Naziha Belkeziz is a Moroccan banker who is chairman and chief executive officer (CEO) at Banque Centrale Populaire SA and a treasurer and director at Education For Employment Maroc.

== Early life and education ==
Belkeziz was born in Rabat in 1968 to the Moroccan diplomat Moulay Abdallah Belkeziz, an ambassador to Tunisia and Algeria who held ministerial positions under the late King Hassan II.

Naziha Belkeziz earned her undergraduate degree in Management Sciences from Université Paris Dauphine-PSL and a graduate degree in accounting from the French engineering school Conservatoire National des Arts et Métiers. She received her doctorate in Morocco from Hassan II University of Casablanca.

== Career ==
In 1992, Belkeziz began her banking career at Banque Commerciale du Maroc.

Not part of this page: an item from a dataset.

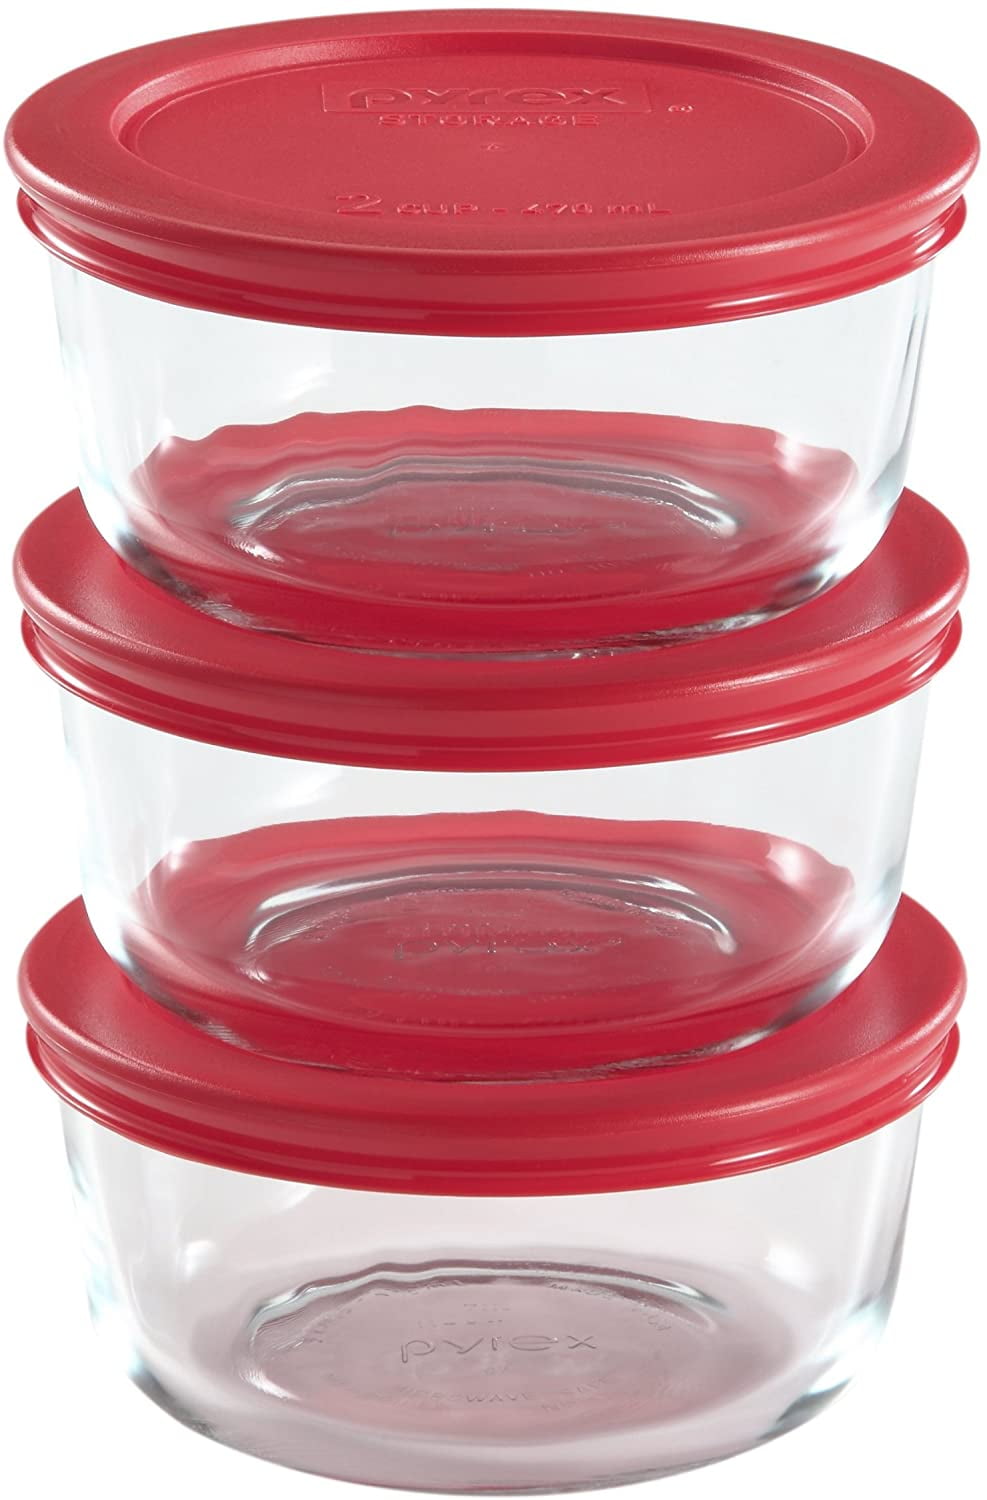 Pyrex Simply Store 7200 Glass Storage Bowl w/ 7200-PC Red Lid Cover

Her earlier career positions included strategic roles at Attijariwafa Bank as chief economist and manager of marketing communications.

On 5 November 2024, the board of directors of the Banque Centrale Populaire (BCP) announced that Belkeziz was replacing the retiring CEO Mohamed Karim Mounir, making her the first woman to lead the banking group. Her previous position at BCP was as managing director of the Risk and Commitment Division.

Citing Belkeziz's more than 20 years of experience during "her rich and diverse career," the BCP Group said her responsibilities will include a focus on national economic financing and maintaining the bank's presence in 32 countries. She is tasked with boosting BCP's core businesses and leading future expansion especially in sub-Saharan Africa through its subsidiary Banque Atlantique.